REQUIREMENT.
Word for word, copy the lines from the one with "Dicksonia antarctica rain" to the last line of the data below, counting both, and keep every picture out.

SUPPLIED INFORMATION.
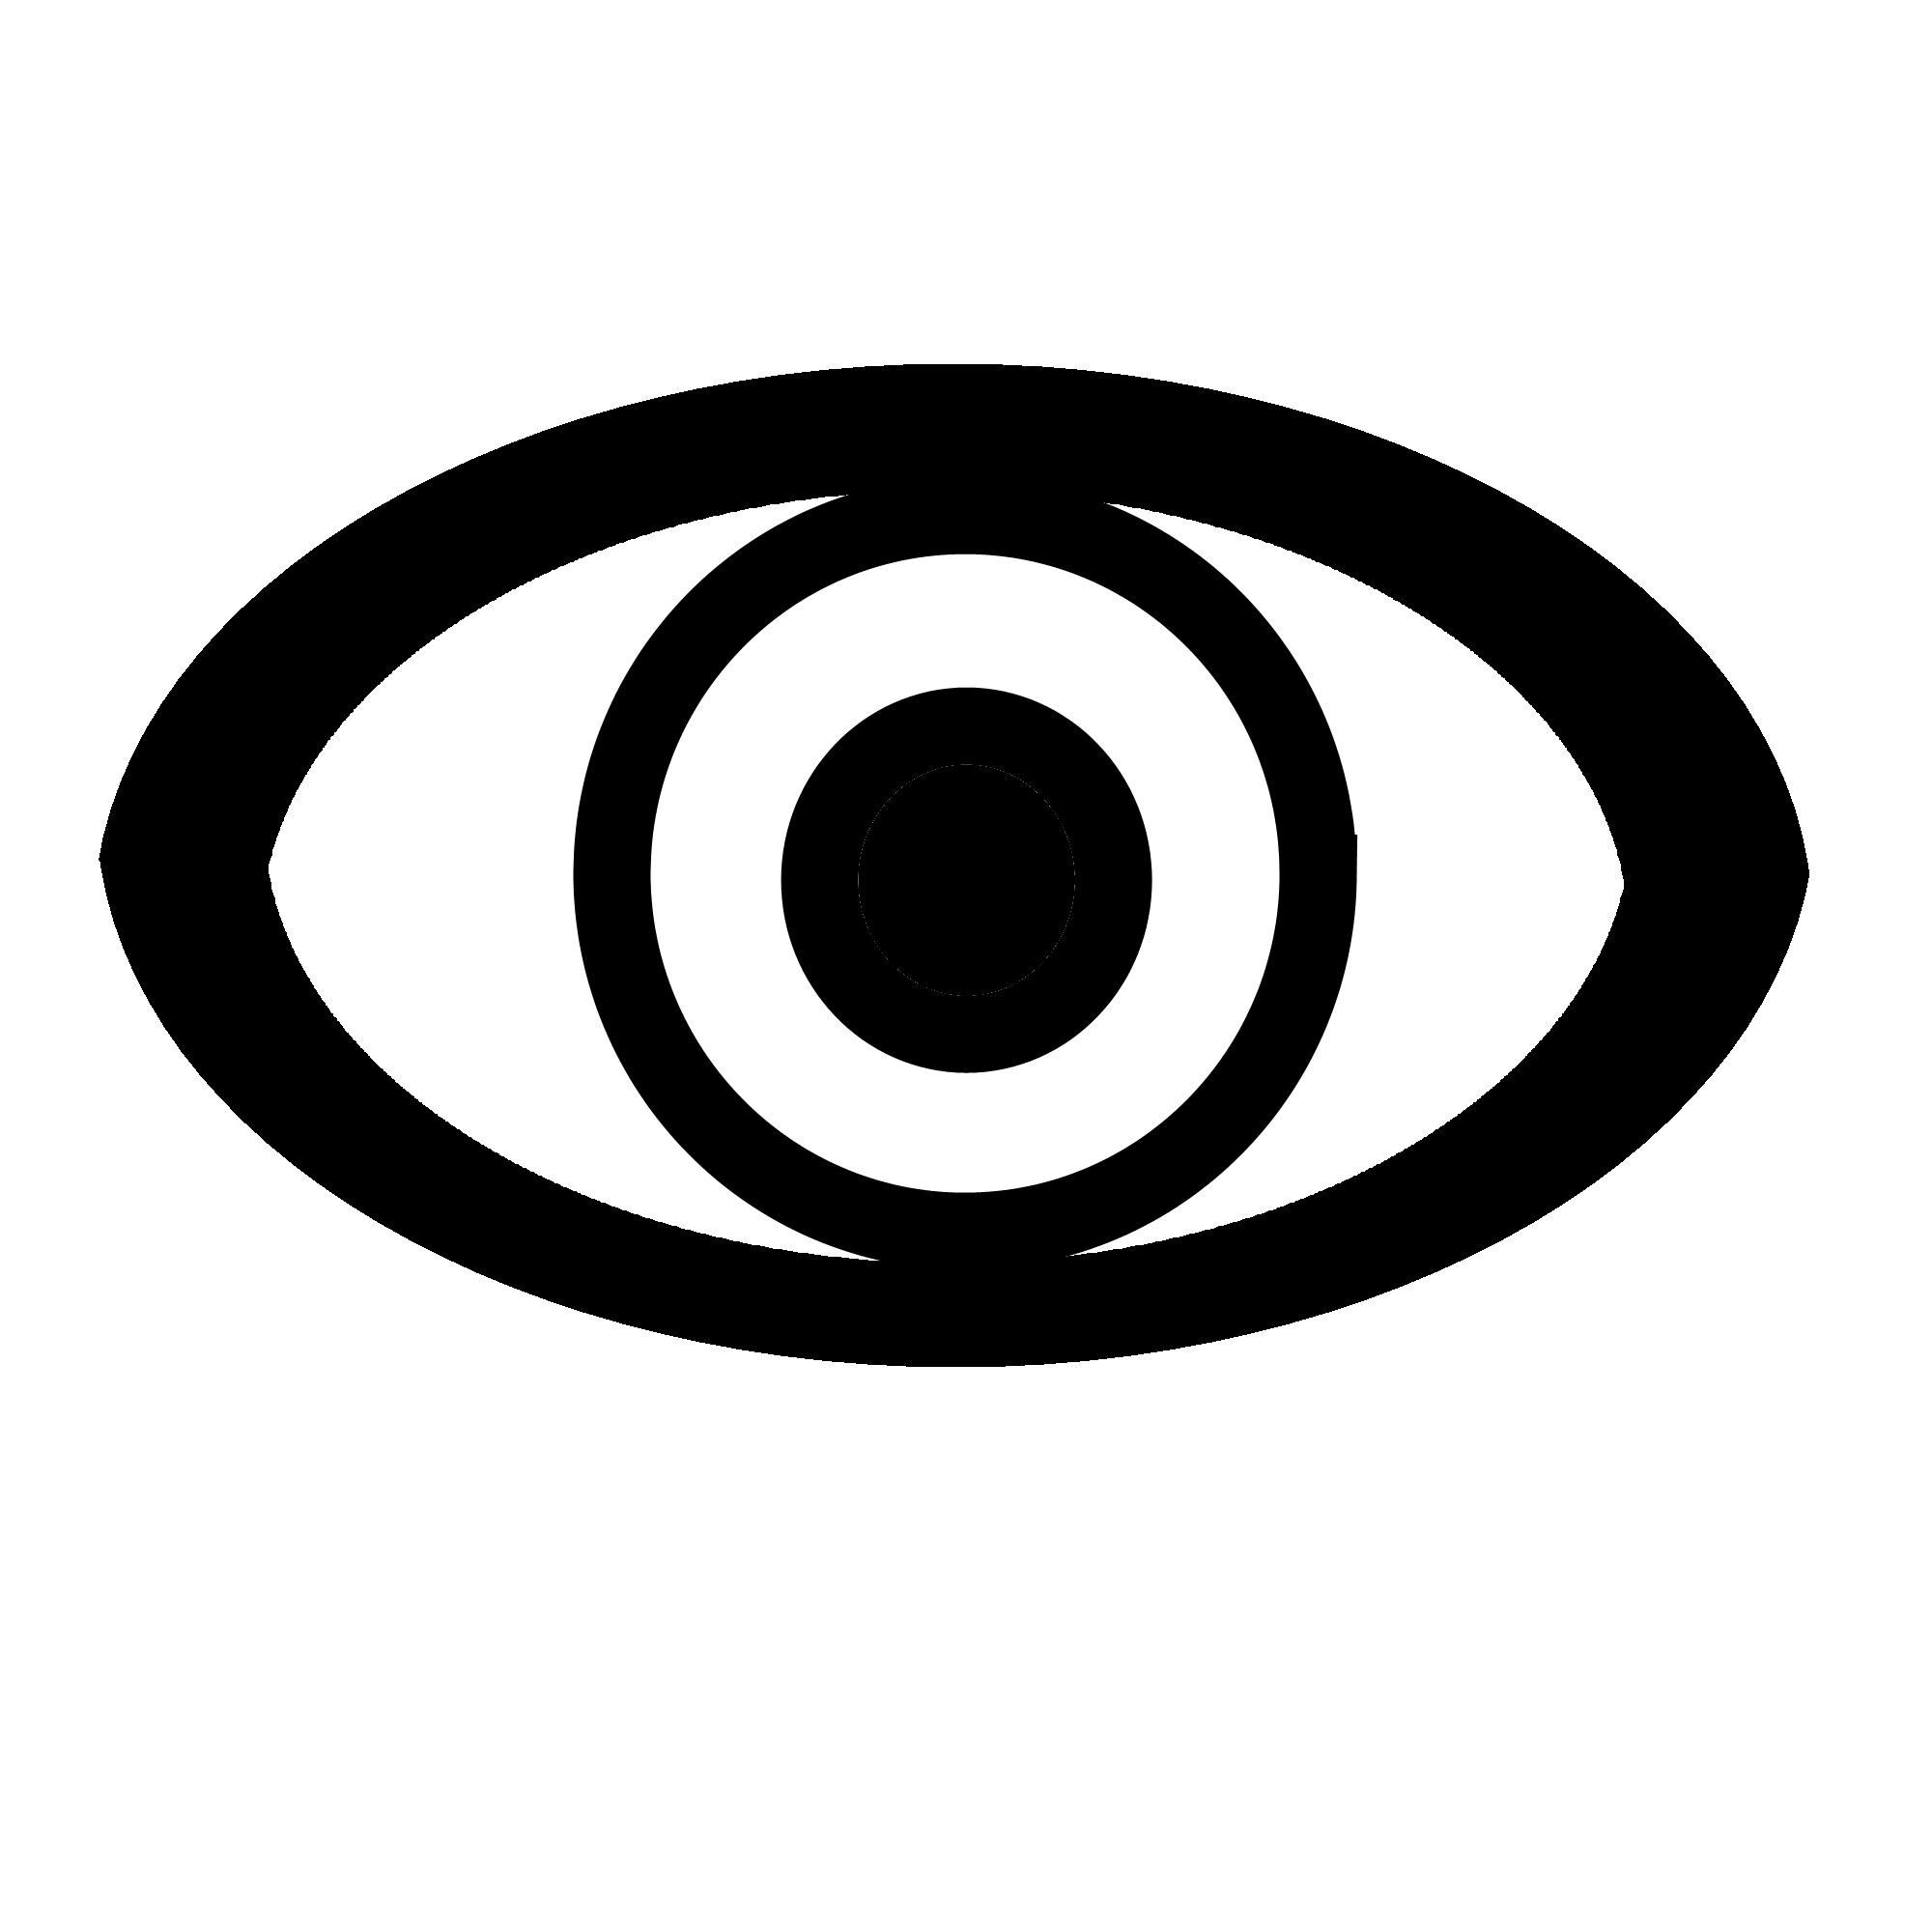 image logo oeil
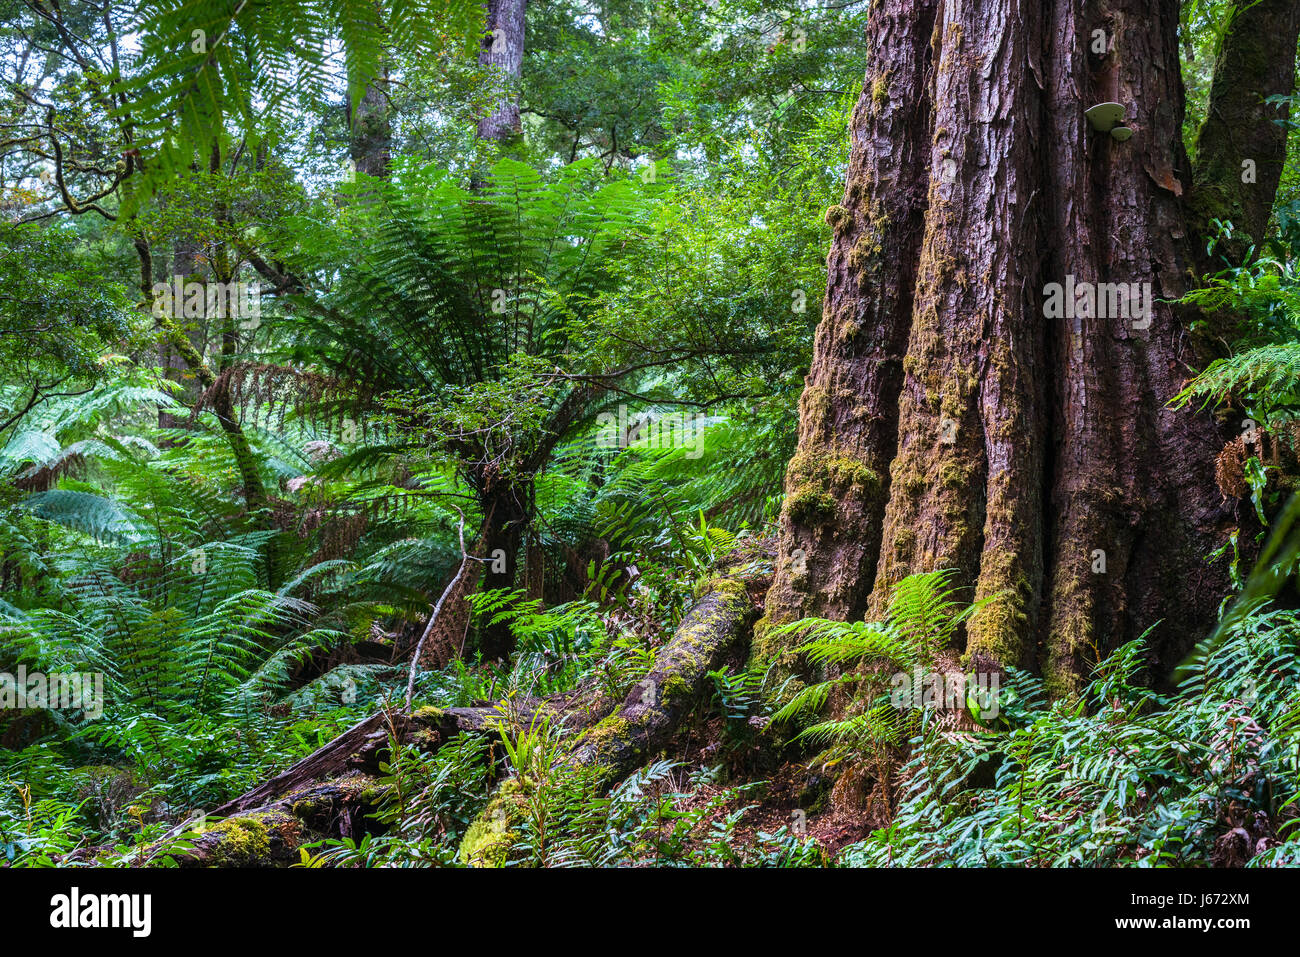 Dicksonia antarctica rain forest en Melba Gully State Park, el Parque Nacional Gran Otway, Vitoria, Australia. Imagen De Stock
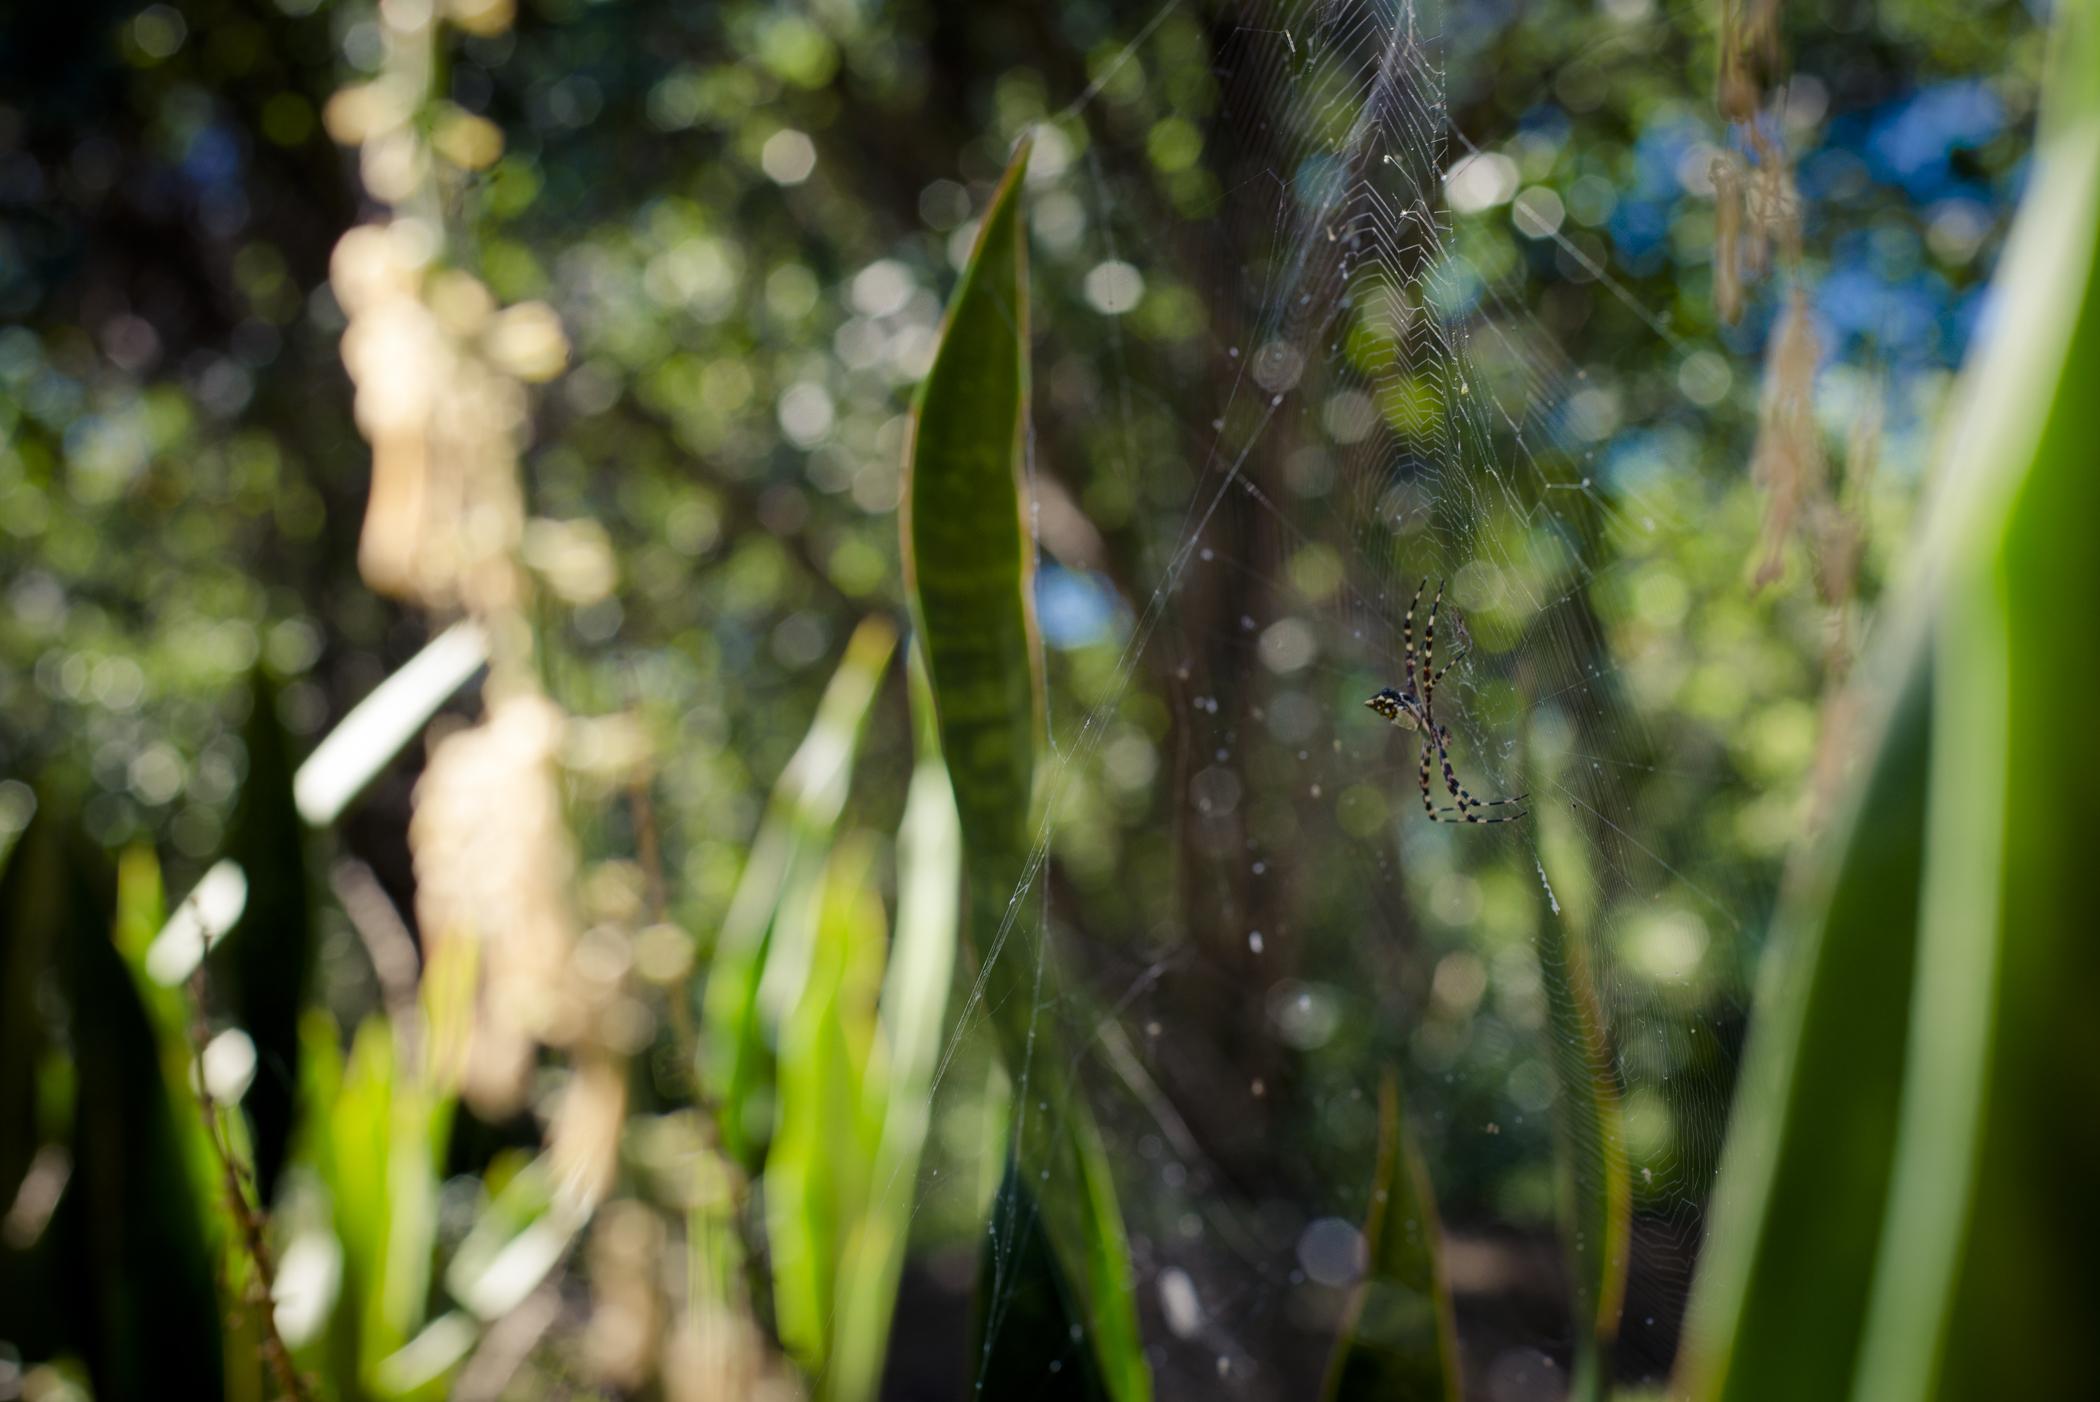 012014-Culebra-JuliaLuckettPhotography-34

EXERCISE RESPONSE.
 Dicksonia antarctica rain forest en Melba Gully State Park, el Parque Nacional Gran Otway, Vitoria, Australia. Imagen De Stock
 012014-Culebra-JuliaLuckettPhotography-34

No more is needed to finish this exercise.